Exercise prompt:
From the material below, please set down exactly the lines starting with the one with "Vishes Jerseykleid Bedrucktes" and going on through the one with "Florim Planches De", without a single picture.

Exercise material:
=== Section Start ===
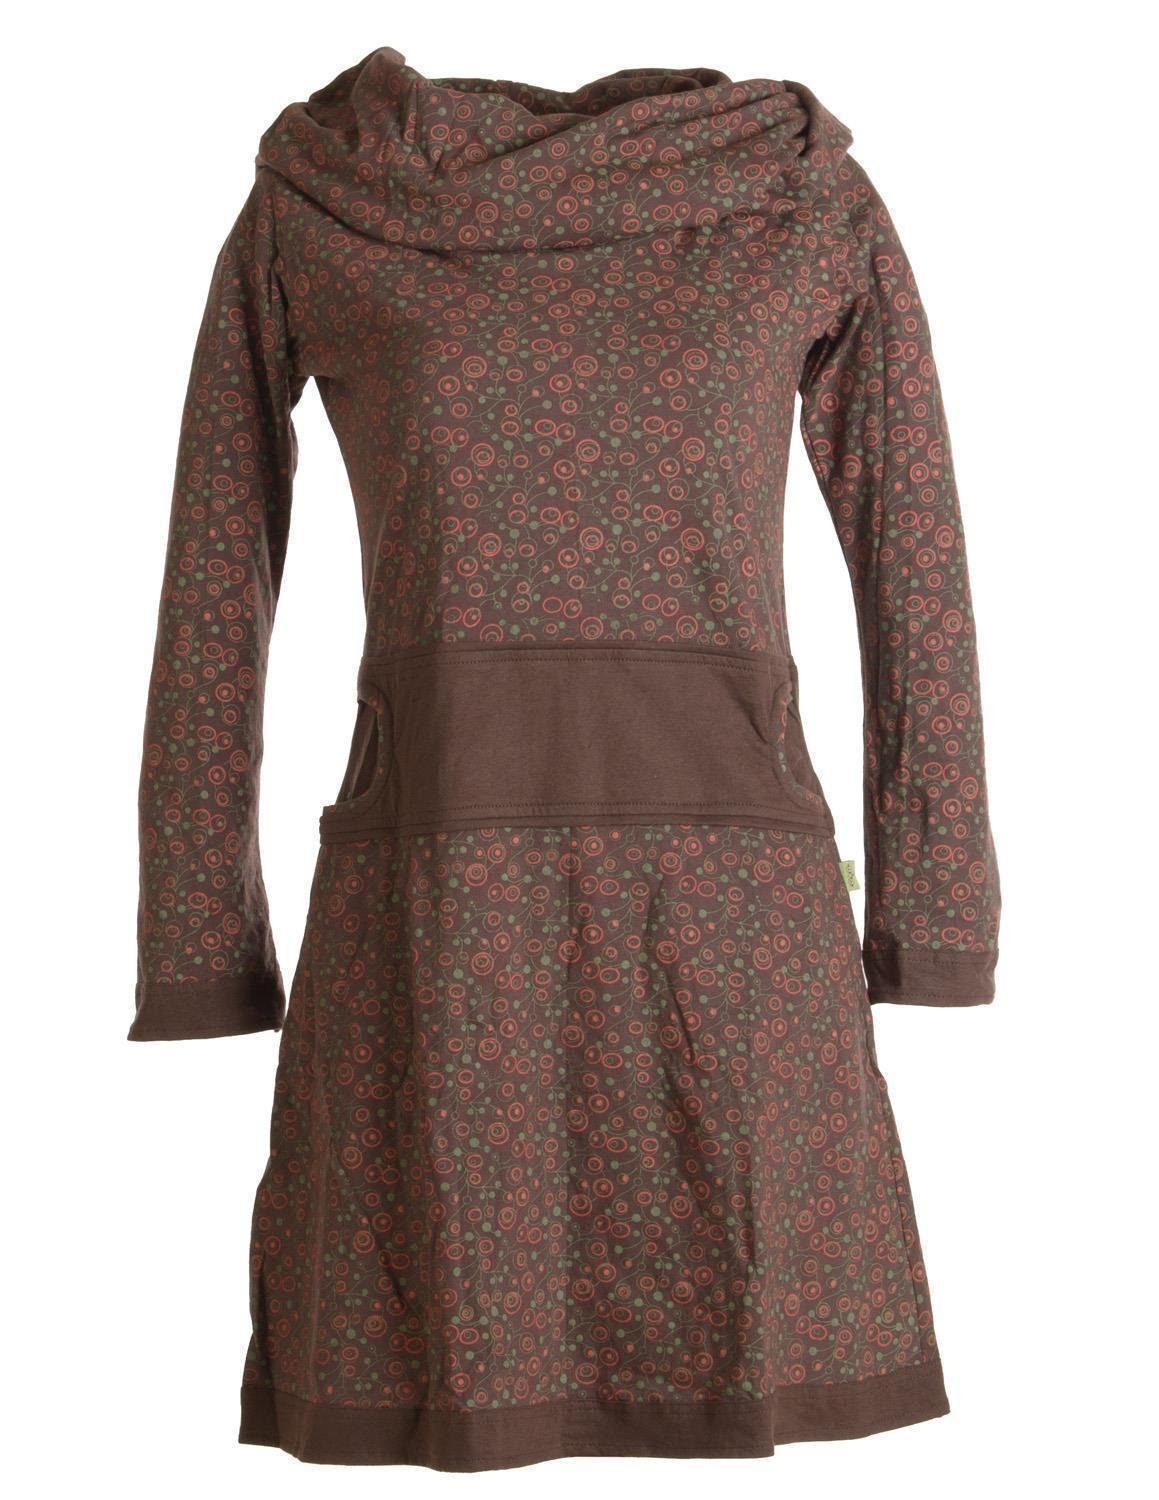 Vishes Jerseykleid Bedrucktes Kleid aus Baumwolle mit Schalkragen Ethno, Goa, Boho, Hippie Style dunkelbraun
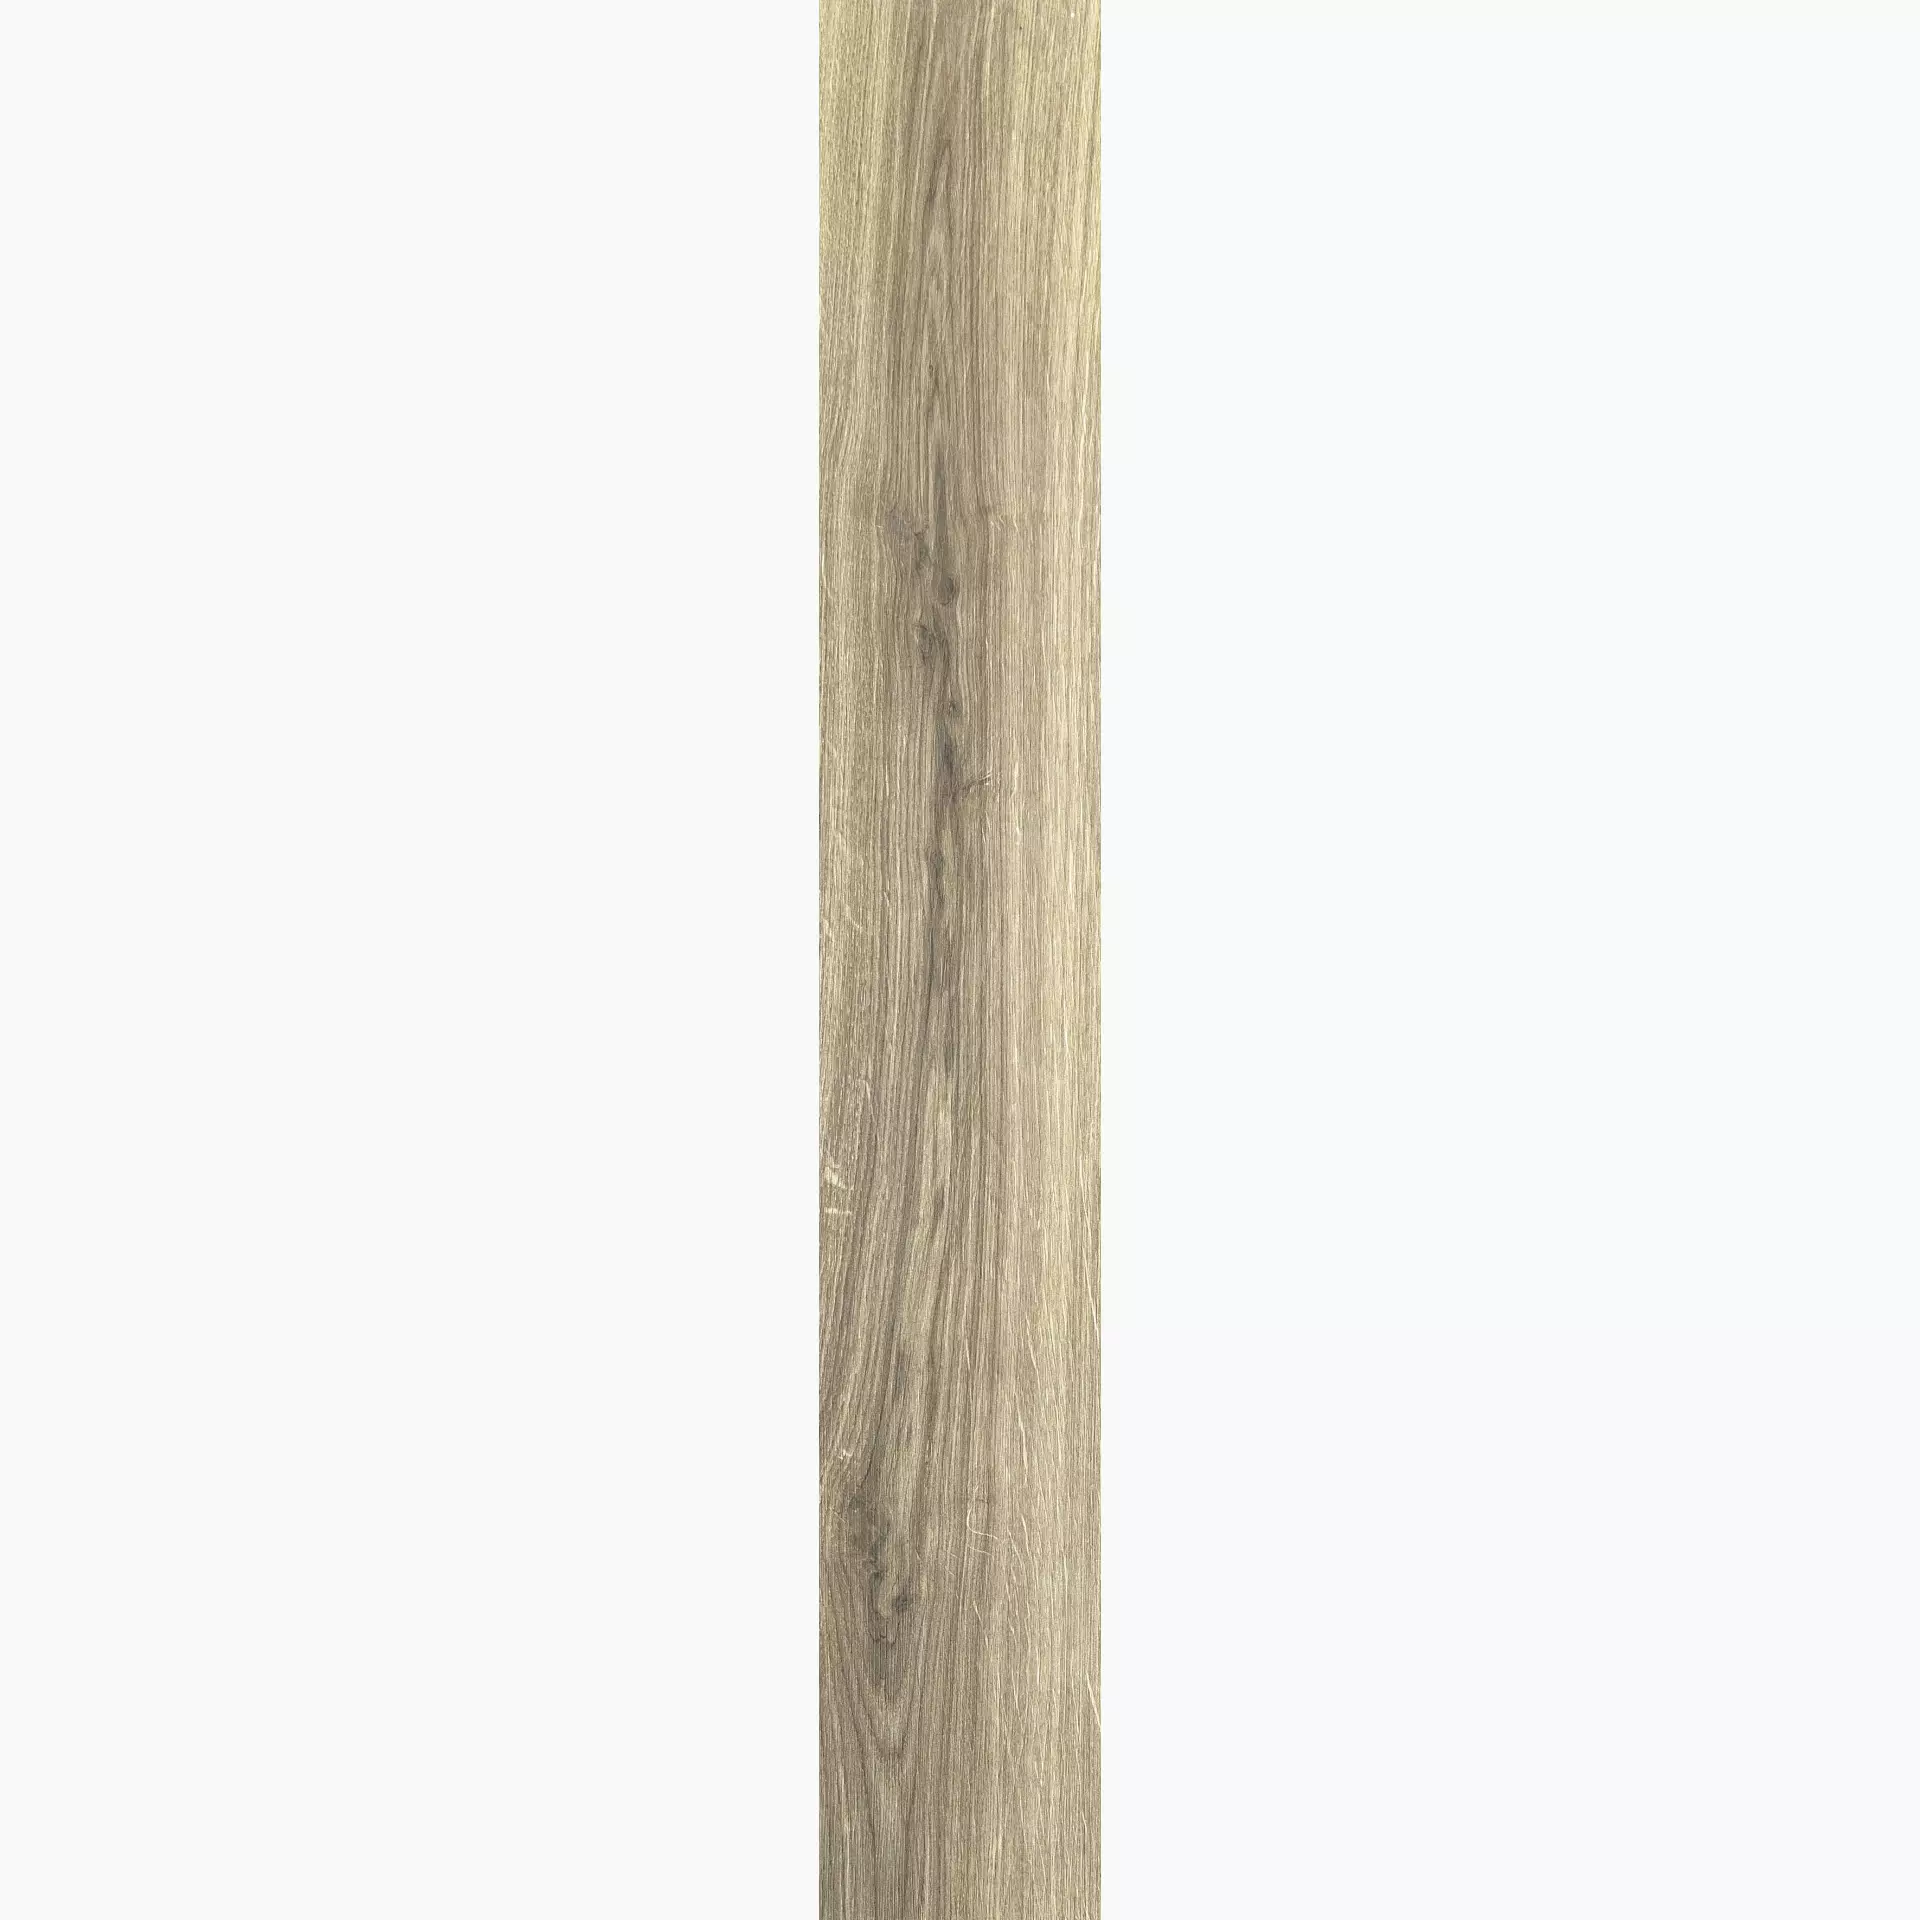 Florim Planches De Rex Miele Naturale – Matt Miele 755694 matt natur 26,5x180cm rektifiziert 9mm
=== Section End ===
=== Section Start ===
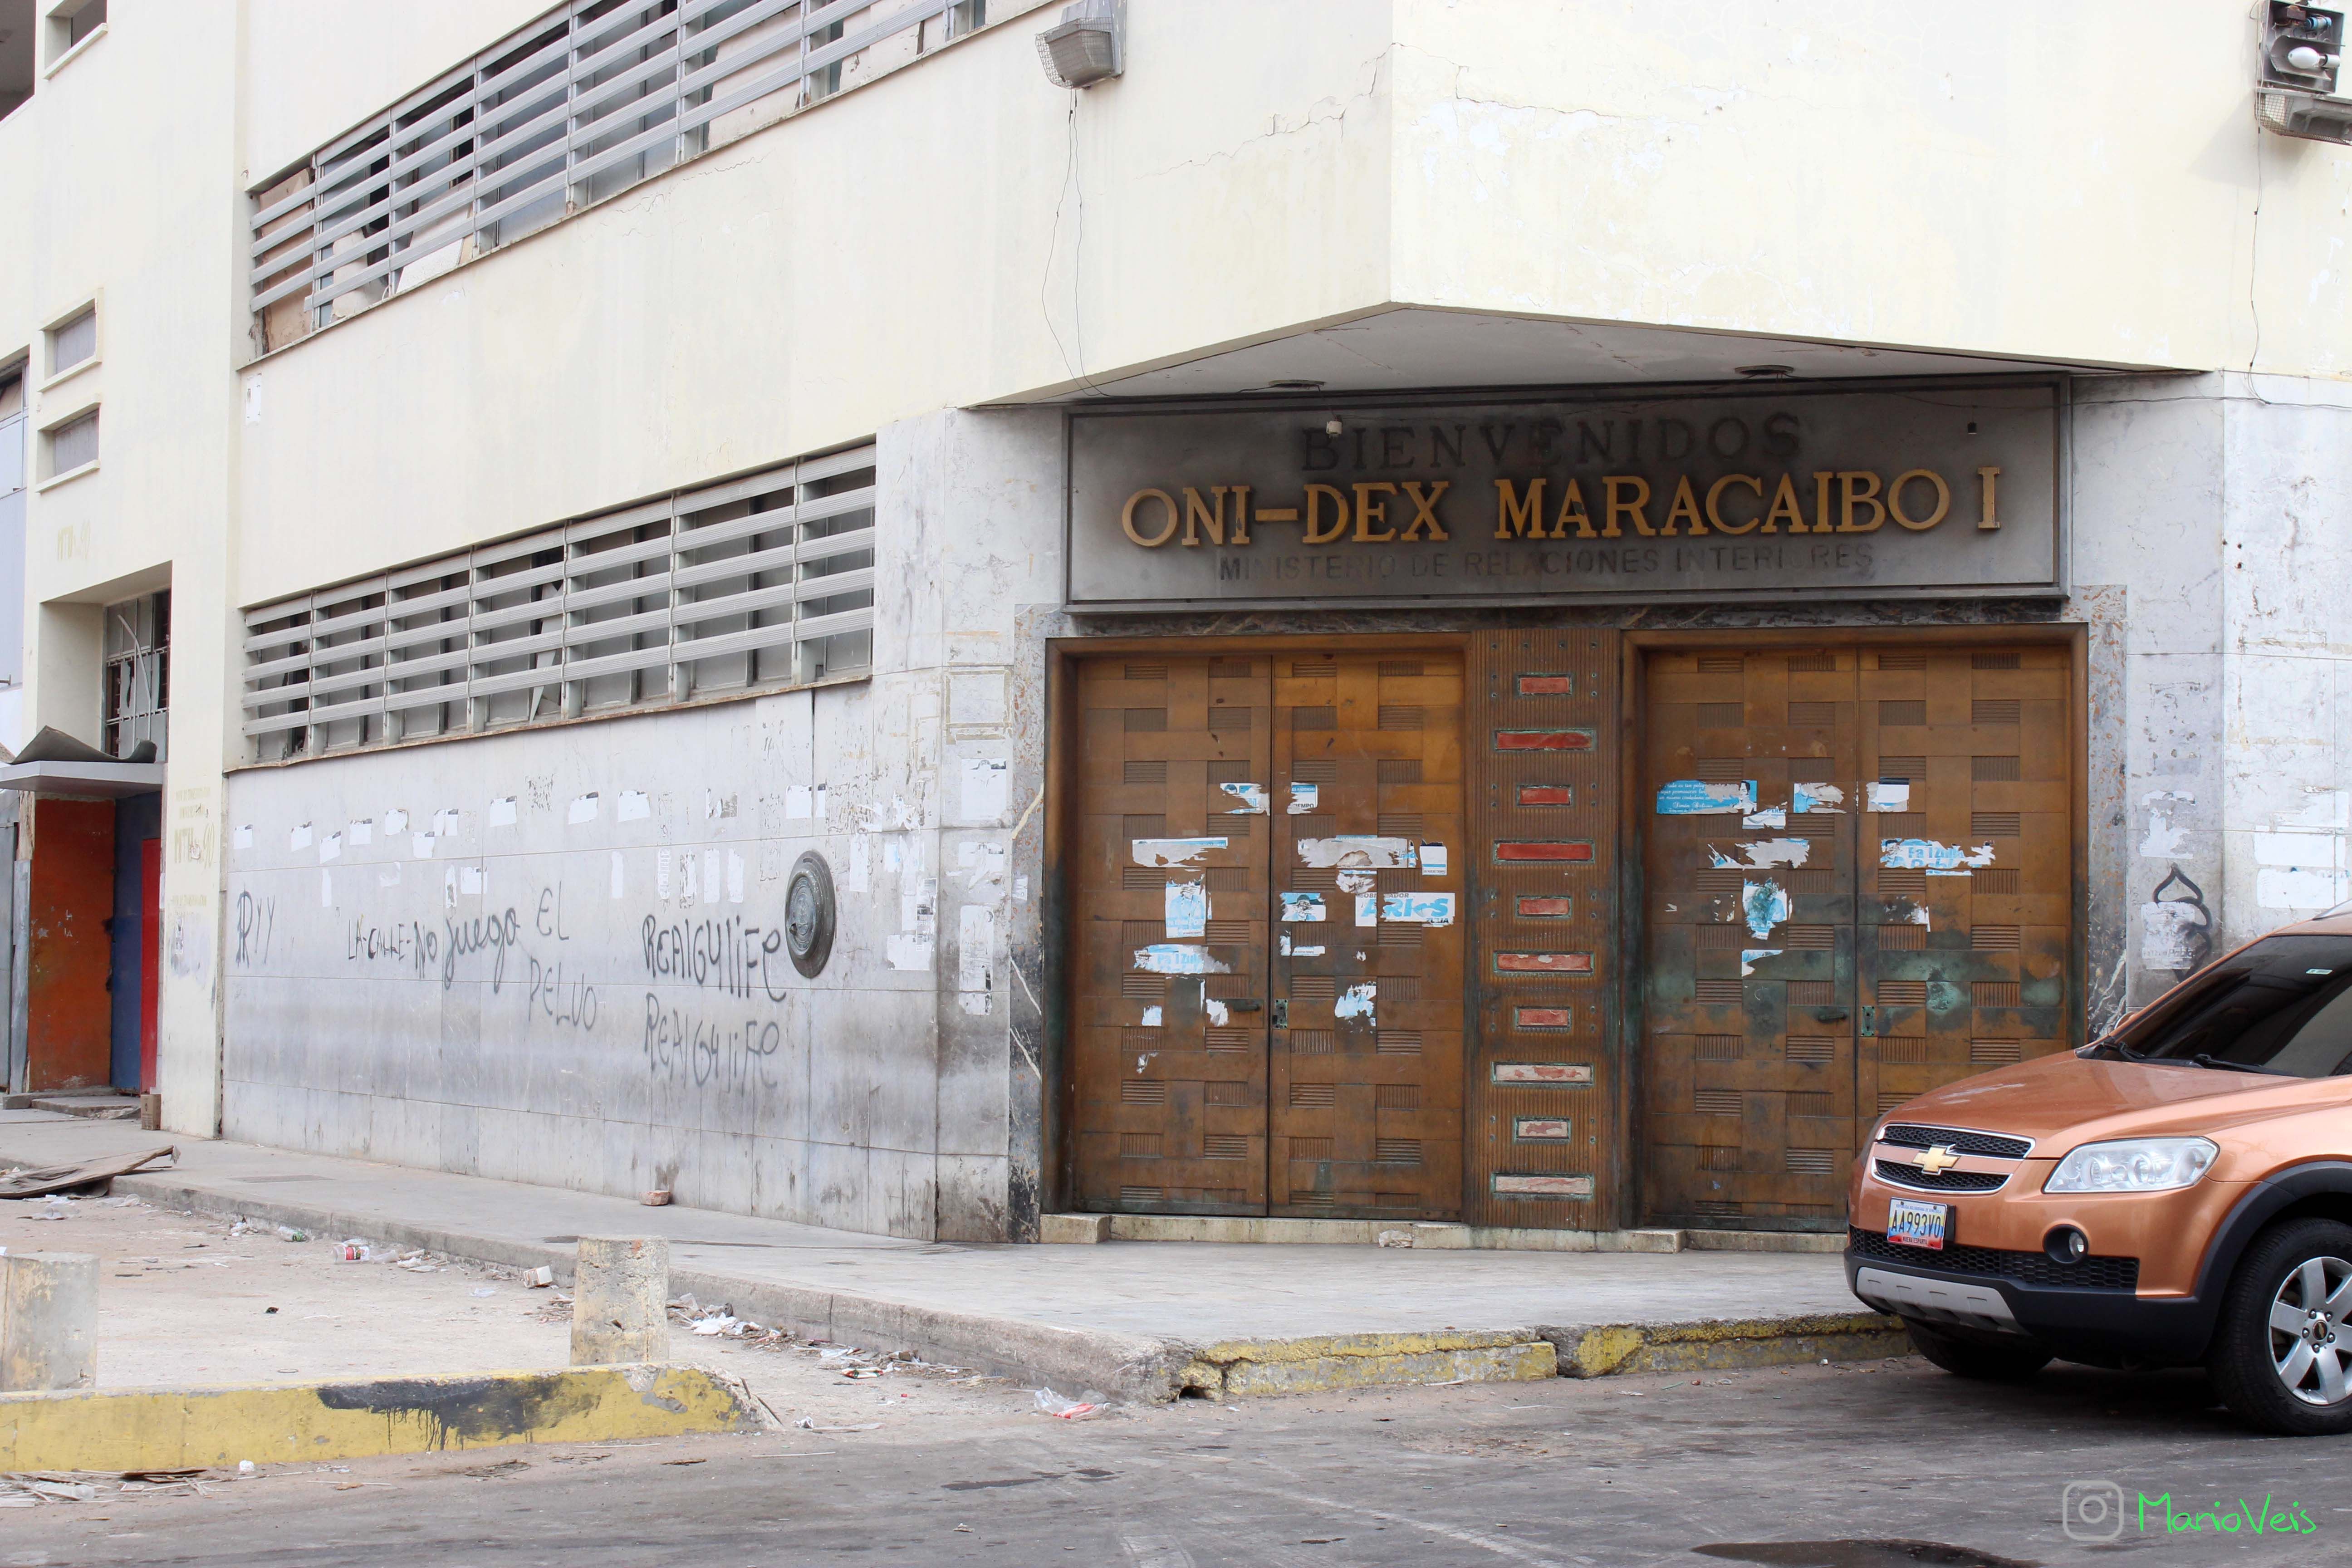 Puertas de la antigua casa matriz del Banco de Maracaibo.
=== Section End ===
Answer box:
 Vishes Jerseykleid Bedrucktes Kleid aus Baumwolle mit Schalkragen Ethno, Goa, Boho, Hippie Style dunkelbraun
 Florim Planches De Rex Miele Naturale – Matt Miele 755694 matt natur 26,5x180cm rektifiziert 9mm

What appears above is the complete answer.